Suppose you hire a consultancy to perform a black-box assessment of your software. After executing the test, the firm produces a report outlining several vulnerabilities with your application. You remediate the vulnerabilities, submit the application for re-testing, and the next report comes back “clean” — i.e. without any vulnerabilities. At best, this simply tells you that your application can’t be broken into by the same testers in the same time frame. On the other hand, it doesn’t tell you:
- What are the potential threats to your application?
- Which threats is your application “not vulnerable” to?
- Which threats did the testers not assess your application for? Which threats were not possible to test from a runtime perspective?
- How did time and other constraints on the test affect the reliability of results? For example, if the testers had 5 more days, what other security tests would they have executed?
- What was the skill level of the testers and would you get the same set of results from a different tester or another consultancy?
In our experience, organizations aren’t able to answer most of these questions. The tester doesn’t understand application internals and the organization requesting the test doesn’t know much about the security posture of their software. We’re not the only ones who acknowledge this issue: Haroon Meer discussed the challenges of penetration testing at 44con. Most of these issues apply to every form of verification: automated dynamic testing, automated static testing, manual penetration testing, and manual code review. In fact a recent paper describes similar challenges in source code review.
The opaque nature of verification means effective management of software security requirements is essential. With requirements listed, testers can specify both whether they have assessed a particular requirement and the techniques they used to do so. Critics argue that penetration testers shouldn’t follow a “checklist approach to auditing” because no checklist can cover the breadth of obscure and domain-specific vulnerabilities.
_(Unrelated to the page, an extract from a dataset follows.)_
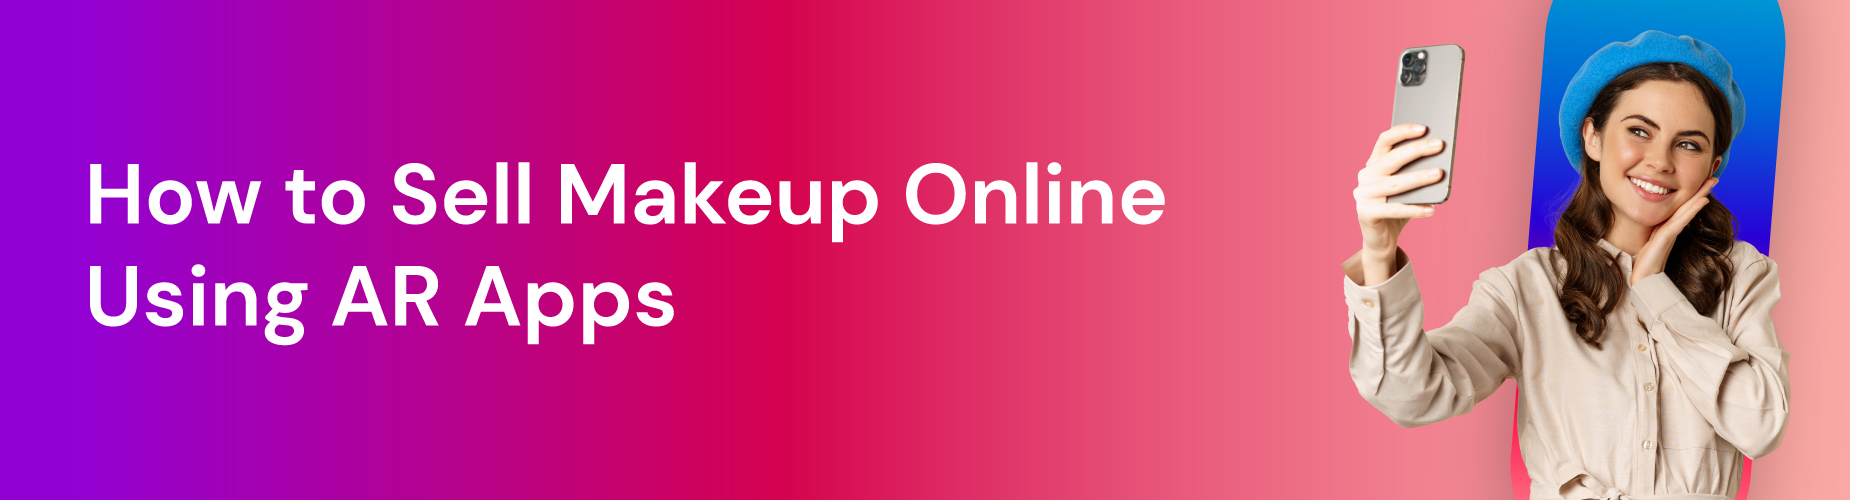 how to sell makeup online

Yet the flexibility to find unique issues does not obviate the need to verify well understood requirements. The situation is very similar for standard software Quality Assurance (QA): good QA testers both verify functional requirements AND think outside the box about creative ways to break functionality. Simply testing blindly and reporting defects without verifying functional requirements would dramatically reduce the utility of quality assurance. Why accept a lower standard from security testing?
Before you perform your next security verification activity, make sure you have software security requirements to measure against and that you define which requirements are in-scope for the verification. If you engage manual penetration testers or source code reviewers, it should be relatively simple for them to specify which requirements they tested for. If you use an automated tool or service, work with your vendor to find out what requirements their tool or service cannot reliably test for. Your tester/product/service is unlikely to guarantee an absence of false negatives (i.e. certify that your application is not vulnerable to SQL injection), but knowing what they did and did not test for can dramatically help increase the confidence that your system does not contain known, preventable security flaws.